近日北捷中山站發生隨機殺人事件,引發社會高度震驚,受害者張文在事發後一路逃至誠品南西,最終爬上頂樓墜樓身亡,消息曝光後,輿論與悲傷情緒迅速蔓延,不少藝人也紛紛發文悼念,表達哀痛之情。然而事件延燒之際,卻意外掀起另一波爭議,蔡詩芸因丈夫王陽明曾主演《角頭》等黑道題材電影,被部分網友質疑「美化暴力文化」,引發正反意見激烈交鋒,有網友反駁,直言「以前看《古惑仔》也沒變成烏鴉哥」,認為演員只是角色詮釋,問題不該簡化為影視作品背鍋,也有人質疑是否是觀眾混淆了戲劇與現實。在這樣的討論聲浪下,黑道題材作品再度被推上風口浪尖,本篇也將從影視角度出發,整理幾部具代表性的台灣黑道題材電影,回看這類作品在娛樂、現實與社會觀感之間的複雜位置。

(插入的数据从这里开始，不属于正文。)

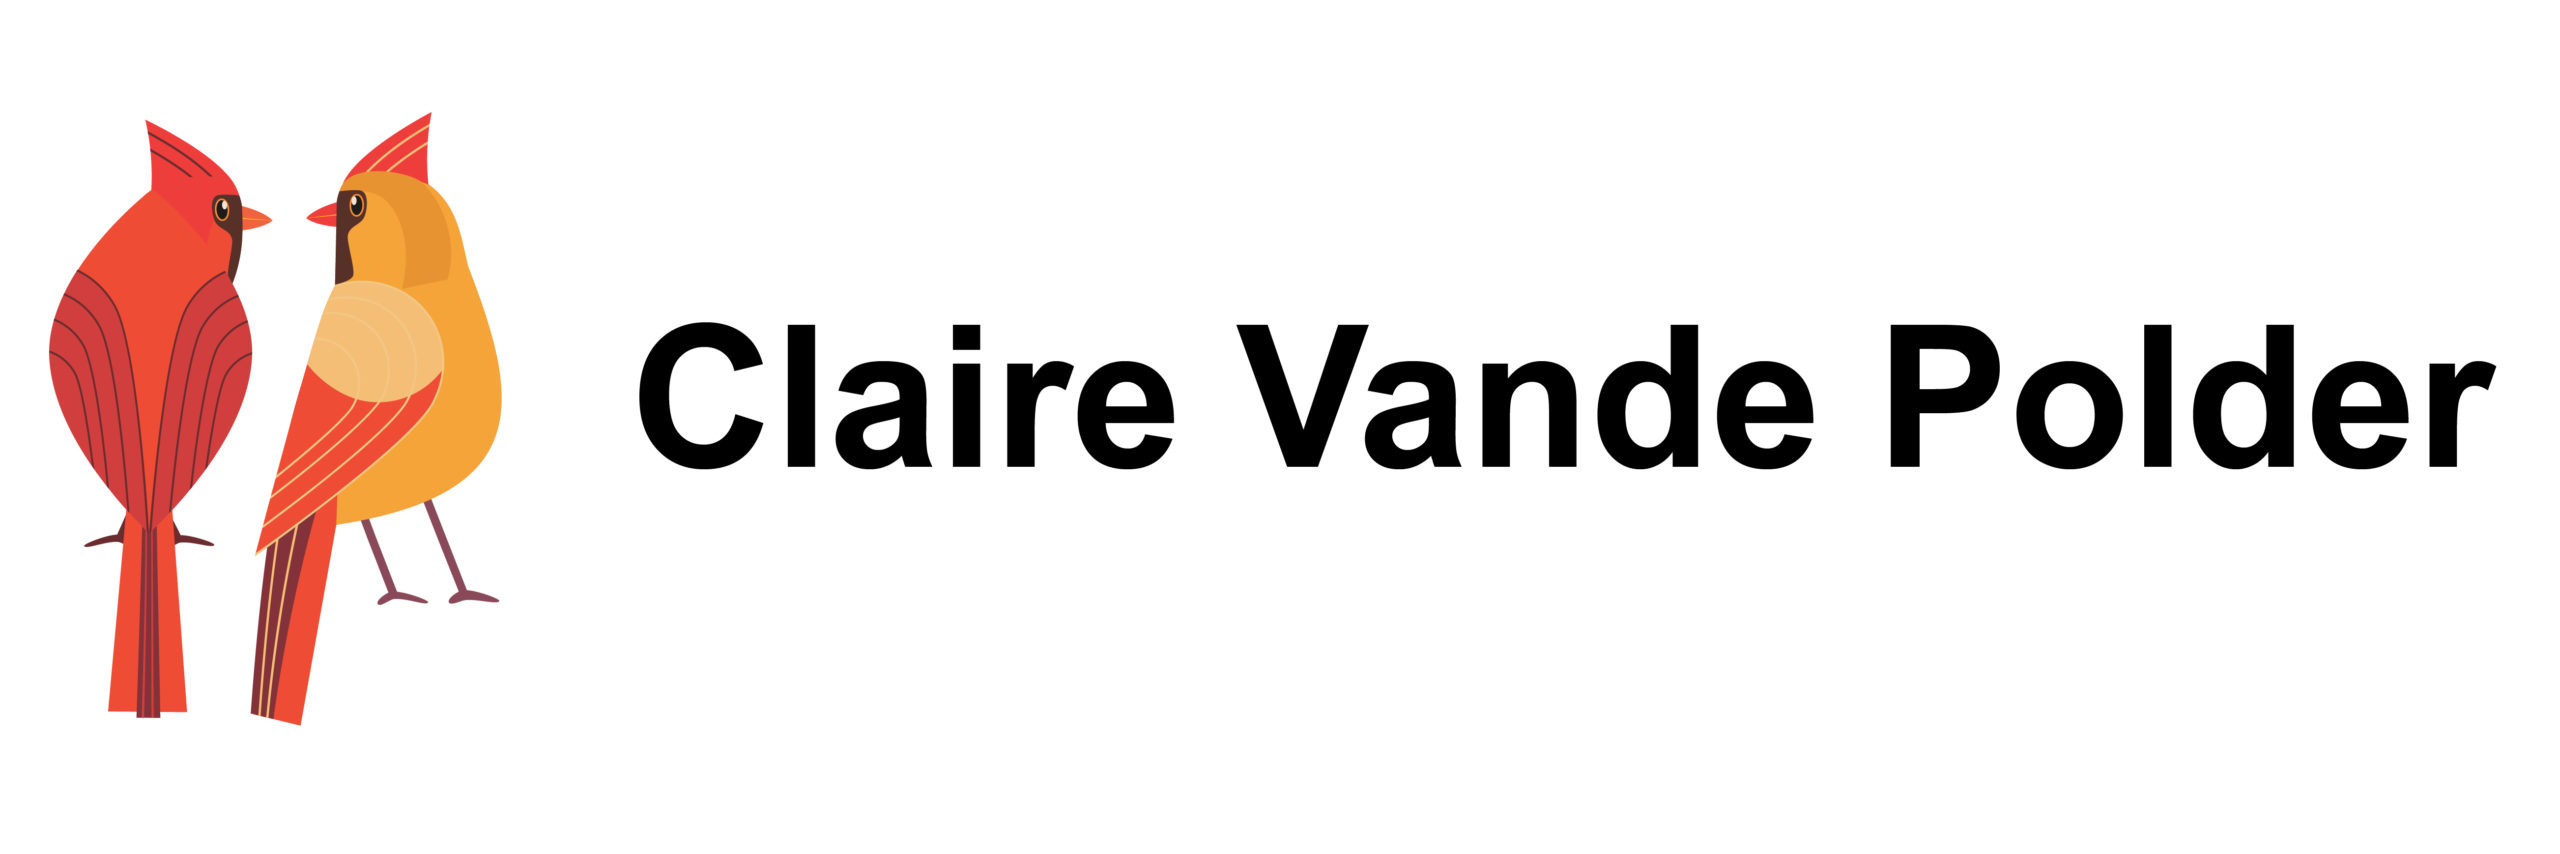 Claire Vande Polder

延伸閱讀:張文台北捷運、中山隨機攻擊事件持續延燒!蔡詩芸發文哀悼,王陽明遭批:「拍《角頭》美化暴力!」

台灣黑道題材電影盤點!

台灣黑道題材電影盤點:1991《牯嶺街少年殺人事件》

台灣黑道題材電影盤點:1997《南國再見,南國》

台灣黑道題材電影盤點:2010《艋舺》

台灣黑道題材電影盤點:2013《大尾鱸鰻》

台灣黑道題材電影盤點:2015《角頭》

台灣黑道題材電影盤點:2018《鬥魚》

台灣黑道題材電影盤點:2021《當男人戀愛時》

台灣黑道題材電影盤點:2023《周處除三害》

台灣黑道題材電影盤點:1991《牯嶺街少年殺人事件》

在台灣黑幫電影的脈絡中,《牯嶺街少年殺人事件》始終佔據一個極為特殊、也無法被簡化的位置,它並非傳統意義中刀光劍影、講求義氣與權力的黑道片,卻是最早直指「幫派文化如何滲入青少年世界」的關鍵作品,楊德昌以 1960 年代台北街頭的真實命案為起點,將視角放在那群被時代夾縫擠壓的少年身上,透過校園、家庭與街頭勢力交錯的日常,描繪出幫派不只是犯罪組織,而是一種失序社會下的生存出口,不同於後來《角頭》或港片《古惑仔》對江湖秩序的戲劇化書寫,《牯嶺街少年殺人事件》刻意抽離浪漫想像,片中的少年幫派沒有光環,只有模仿大人世界的權力結構、模糊的忠誠,以及對未來的徬徨,這些孩子並非天生暴力,而是在父權缺席、政治壓抑與身份認同混亂的環境中,一步步被推向無法回頭的邊緣,楊德昌用近乎紀實的節奏,讓觀眾看見黑幫文化如何在日常中慢慢成形,而非一夕之間的「變壞」,也正因為這樣的創作野心,這部電影在製作與拍攝過程中困難重重,從選角到資金銜接都充滿挑戰,卻也成就了它後來被視為「台灣電影新浪潮代表作」的地位,多年後經過長時間修復重生,再度被國際影壇重新看見,證明它早已超越單一類型電影的框架,在今天重新回顧台灣黑幫電影的演變,《牯嶺街少年殺人事件》像是一面冷靜的鏡子,提醒觀眾:真正值得被討論的,從來不只是暴力本身,而是那個讓暴力發生的時代與結構。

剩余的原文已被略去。